The premise of the series is that there’s a gate which can teleport Pittsburgh between dimensions, one of which is human norm and the other is elven with magic. The series focuses around Tinker, who has a knack for machinery that crosses both mechanical and magical barriers. She also has a kind heart and is blind to social differences.
As such, in the first book Tinker, she falls in love with and wins an elven lord, Wolf Who Rules, while being kidnapped, forced to help a third dimension’s beings, the Oni, who have no compassion and breed like rabbits. She commits mechanical/magical genius to save both elves and humans from the Oni, with the consequence that she’s transformed into an elf when her injuries are too much. Wolf Who Rules is a continuation of Tinker’s story, dealing with the aftereffects of her solution to the Oni, and both her relationship with Wolf Who Rules and her transformation.
I read Tinker a good number of years ago. I’d meant to read Wolf Who Rules pretty quickly, but I gave my copy to my son who had just finished the Ukiah Oregon series and was thrilled to read another Wen Spencer. By the time he gave it back, life had happened and it went on to the TBR pile with everything else.
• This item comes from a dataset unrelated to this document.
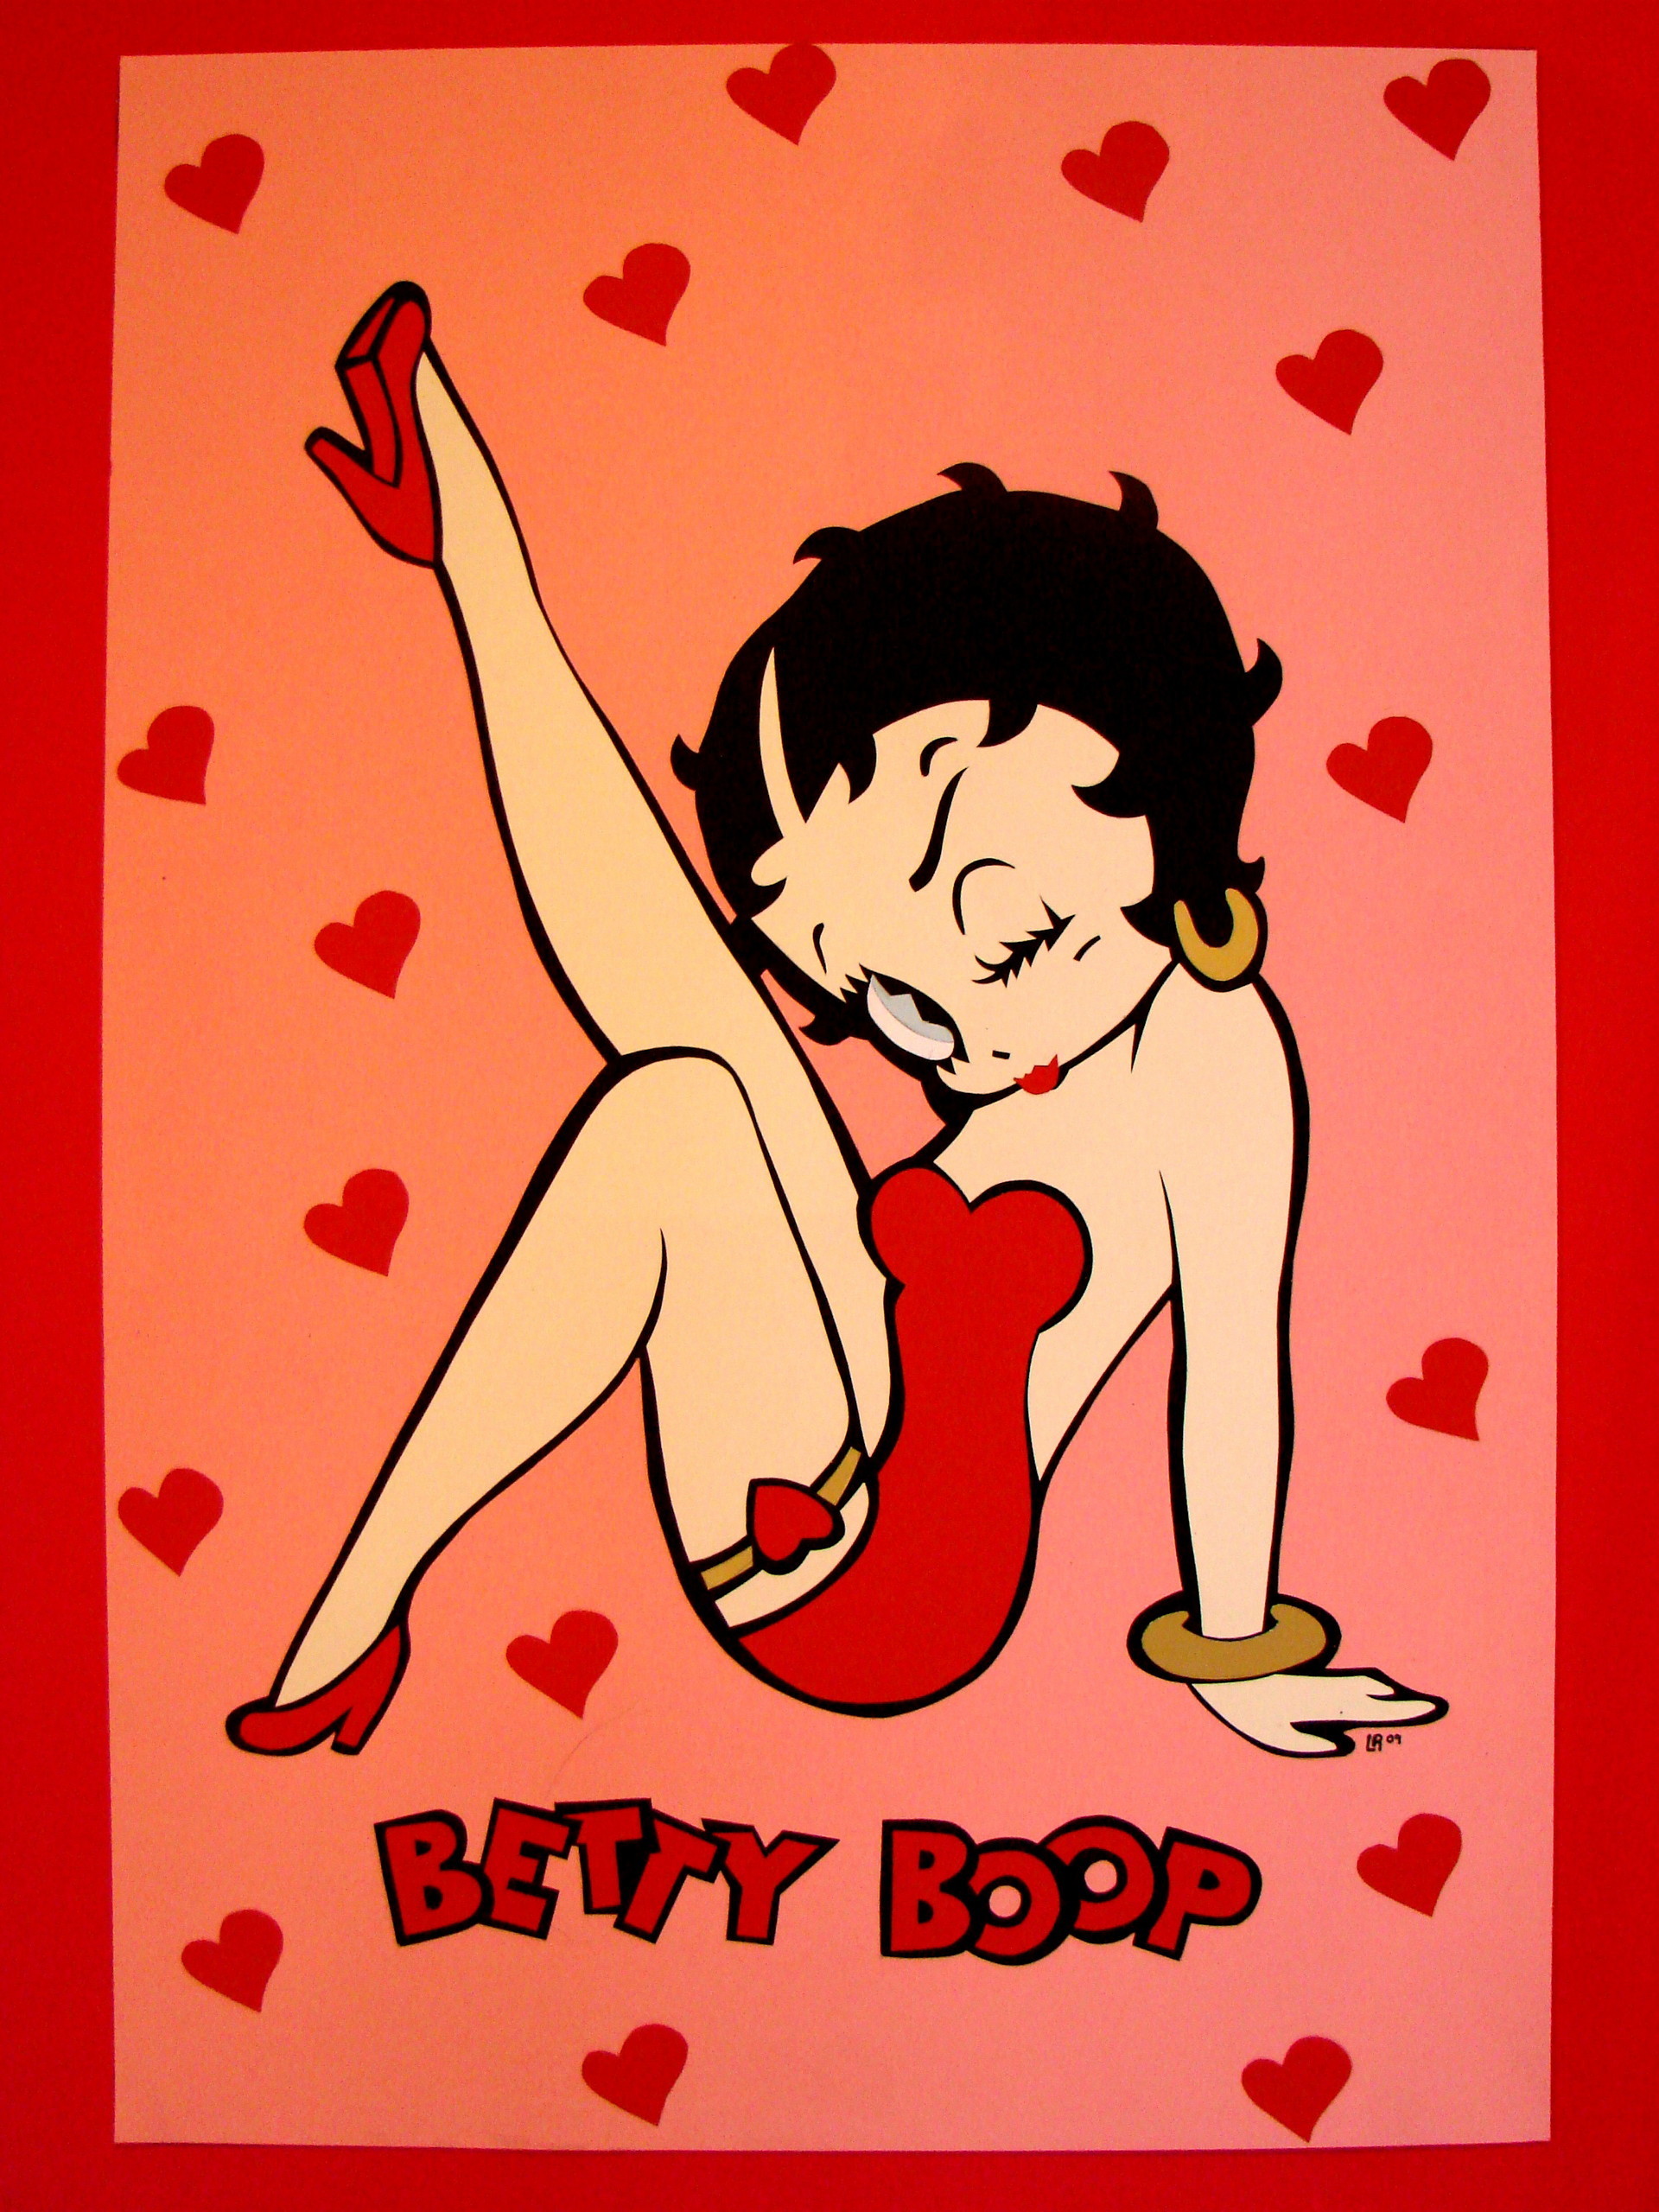 Betty Boop Wallpaper For Phone Image

When I heard a new book in the series was coming out, I planned to reread both of these, but somehow I ended up reading Wolf Who Rules first. It’s the mark of a good series that I wasn’t disoriented at all. Not only is the Tinker world complex, interesting, and colorful enough to have stuck in my memory despite the time between, but Wen also provides little reminders so that I didn’t have to struggle to remember who was in the previous book, and how those tangled relationships and betrayals should be influencing this one.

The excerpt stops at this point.